§ **Exercise**: Everything in the data must be repeated exactly, apart from the pictures, which are left out.

§ **Data excerpt**:
▬▬▬▬▬▬
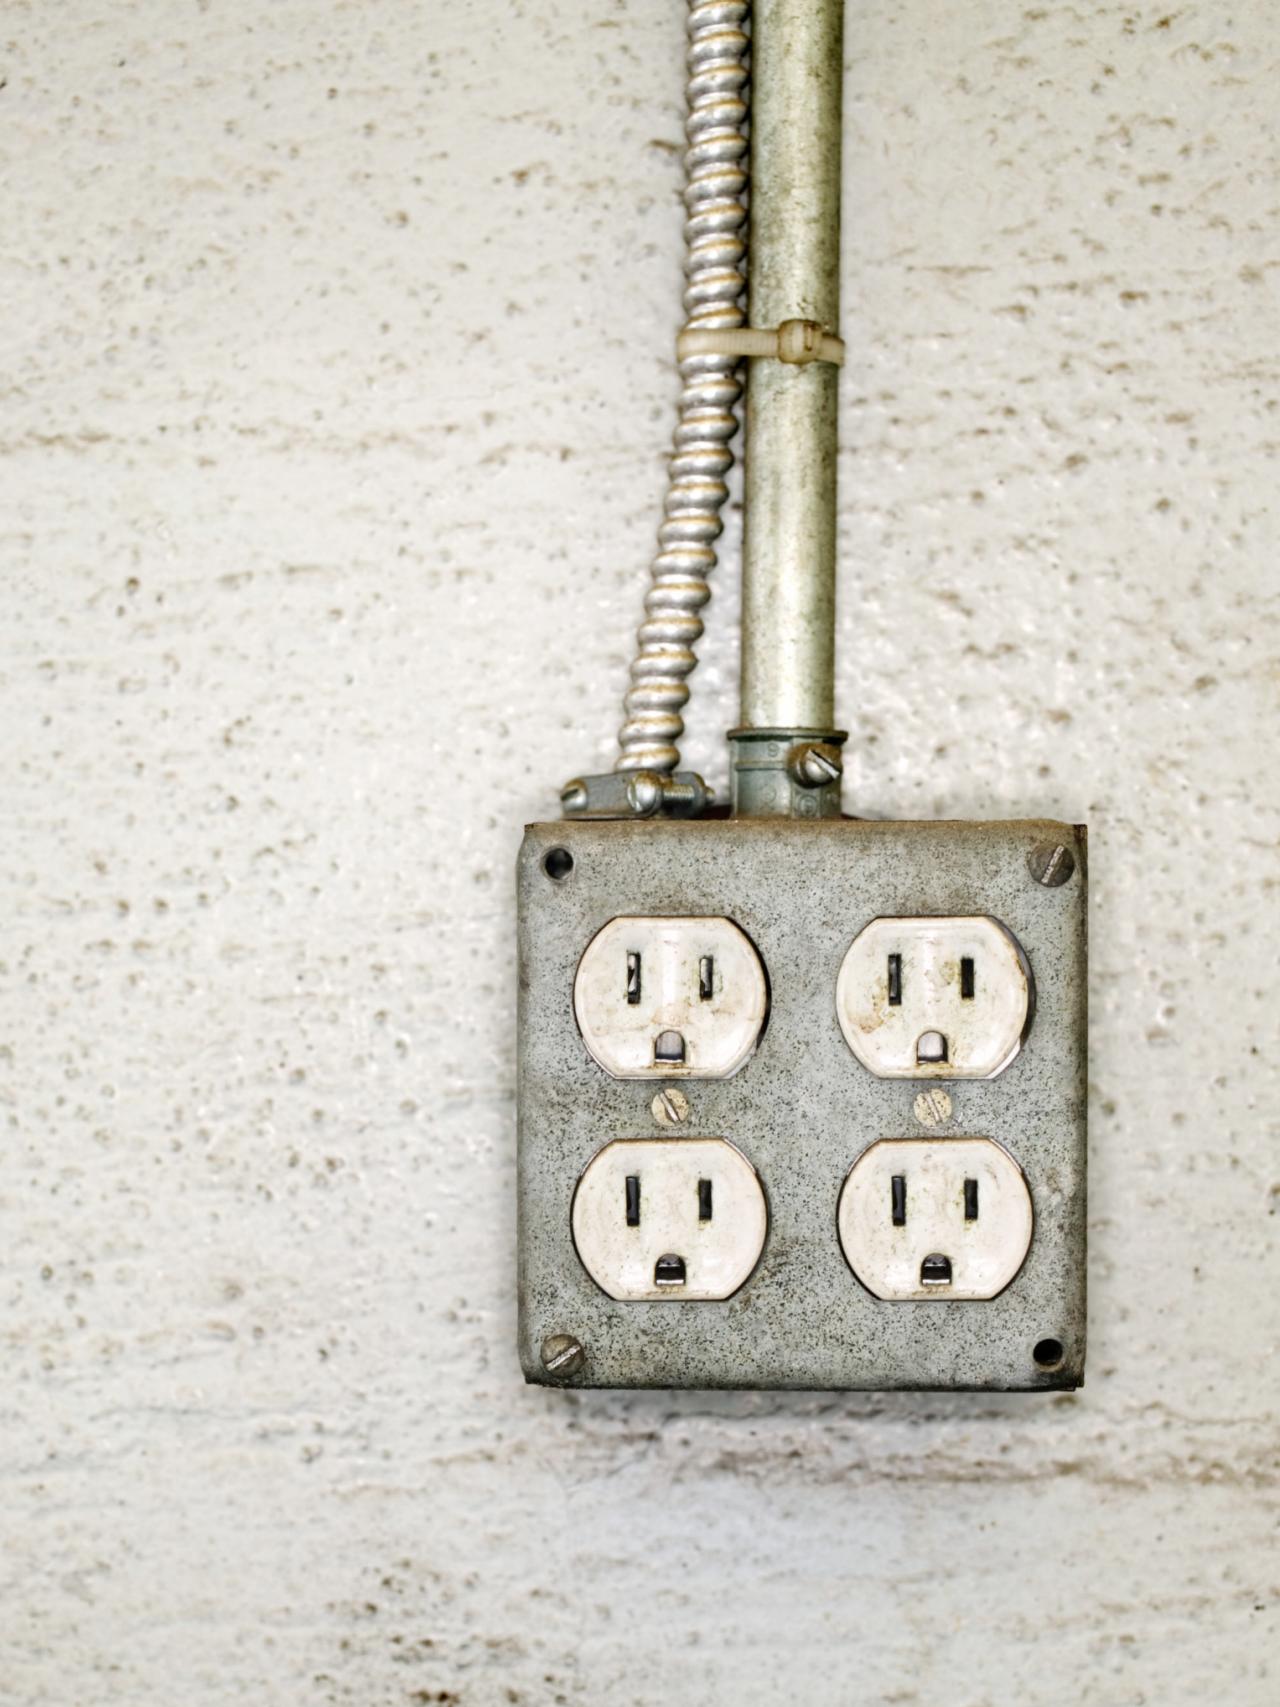 Electric outlet exposed photo
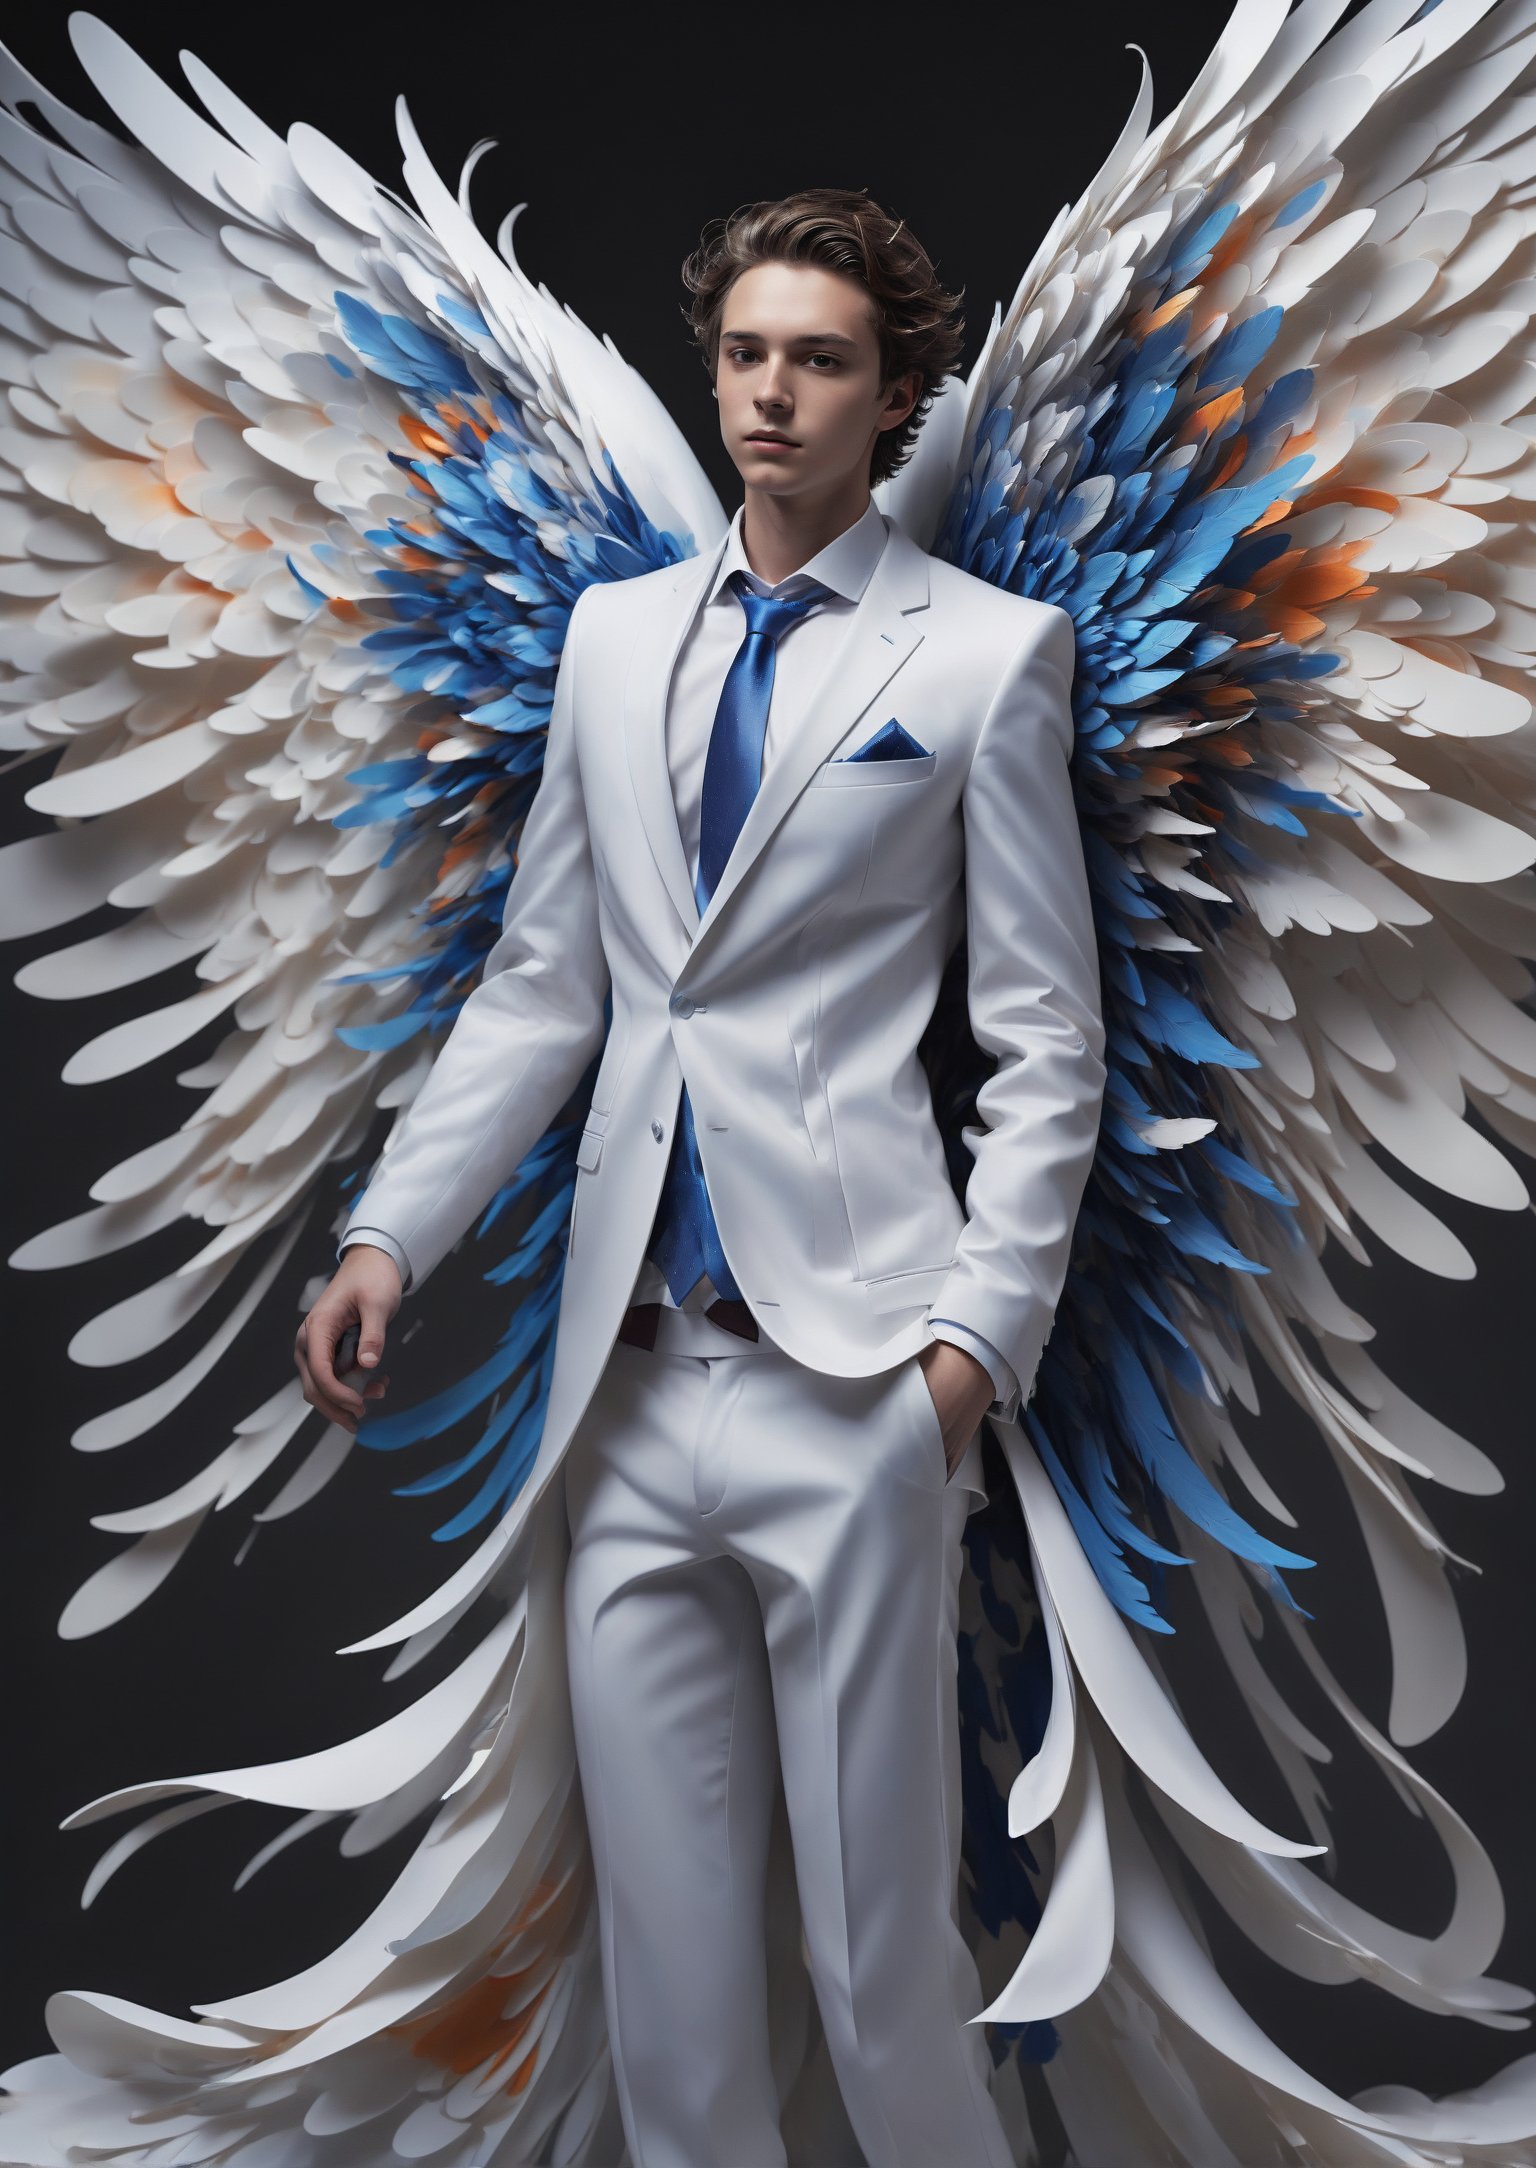 Create an image of a young man wearing a suit, featuring vibrant, dark and blue wings extending from his back. Random movement The background should be plain white, emphasizing the contrast and detailing of the beauty wings and the sharpness of the suit. The man should appear poised and elegant, with the wings unfurled to showcase a spectrum of vivid hues, blending seamlessly from one color to another. The focus should be on the meticulous details of the wings’ feathers and the suit’s fabric, capturing a harmonious blend of natural and refined elements, wings,Stylish, close up,l3min,xxmixgirl
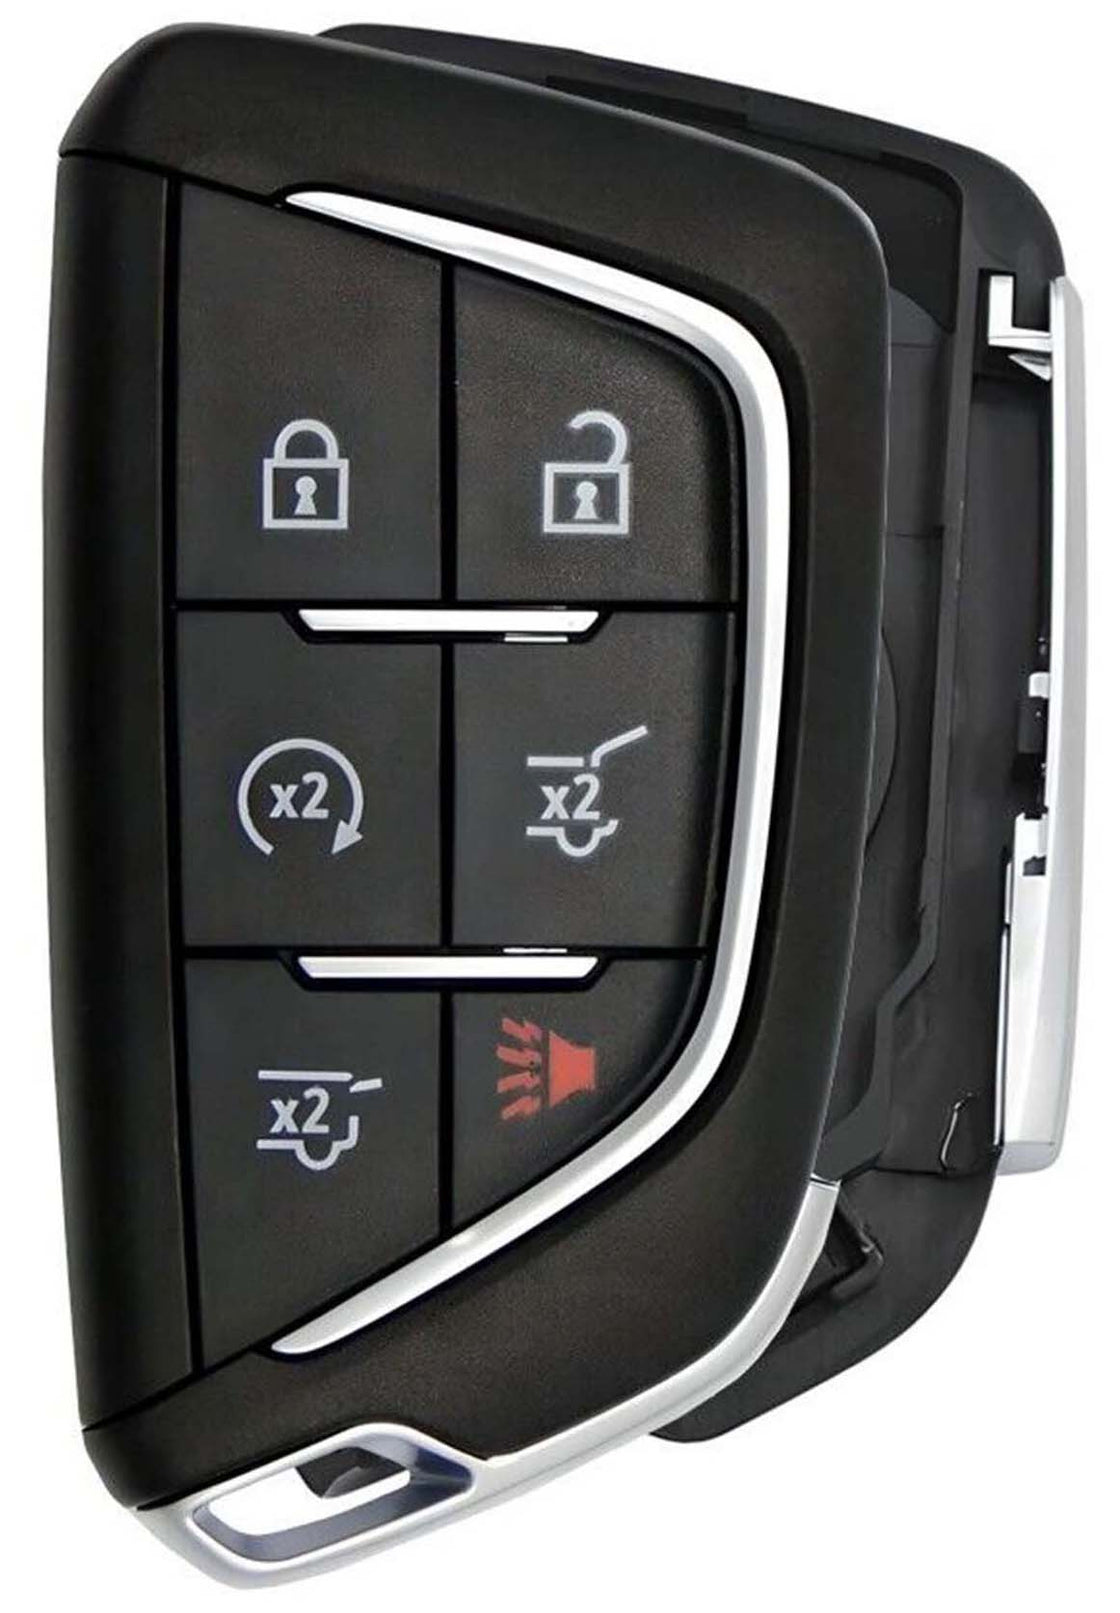 1x New Proximity Key Fob SHELL / CASE Compatible with & fit for Select Cadillac Escalade Vehicles - YG0G20TB1-04 - (No Electronics or Chip Inside)
▬▬▬▬▬▬
§ **Task output**:
 Electric outlet exposed photo
 Create an image of a young man wearing a suit, featuring vibrant, dark and blue wings extending from his back. Random movement The background should be plain white, emphasizing the contrast and detailing of the beauty wings and the sharpness of the suit. The man should appear poised and elegant, with the wings unfurled to showcase a spectrum of vivid hues, blending seamlessly from one color to another. The focus should be on the meticulous details of the wings’ feathers and the suit’s fabric, capturing a harmonious blend of natural and refined elements, wings,Stylish, close up,l3min,xxmixgirl
 1x New Proximity Key Fob SHELL / CASE Compatible with & fit for Select Cadillac Escalade Vehicles - YG0G20TB1-04 - (No Electronics or Chip Inside)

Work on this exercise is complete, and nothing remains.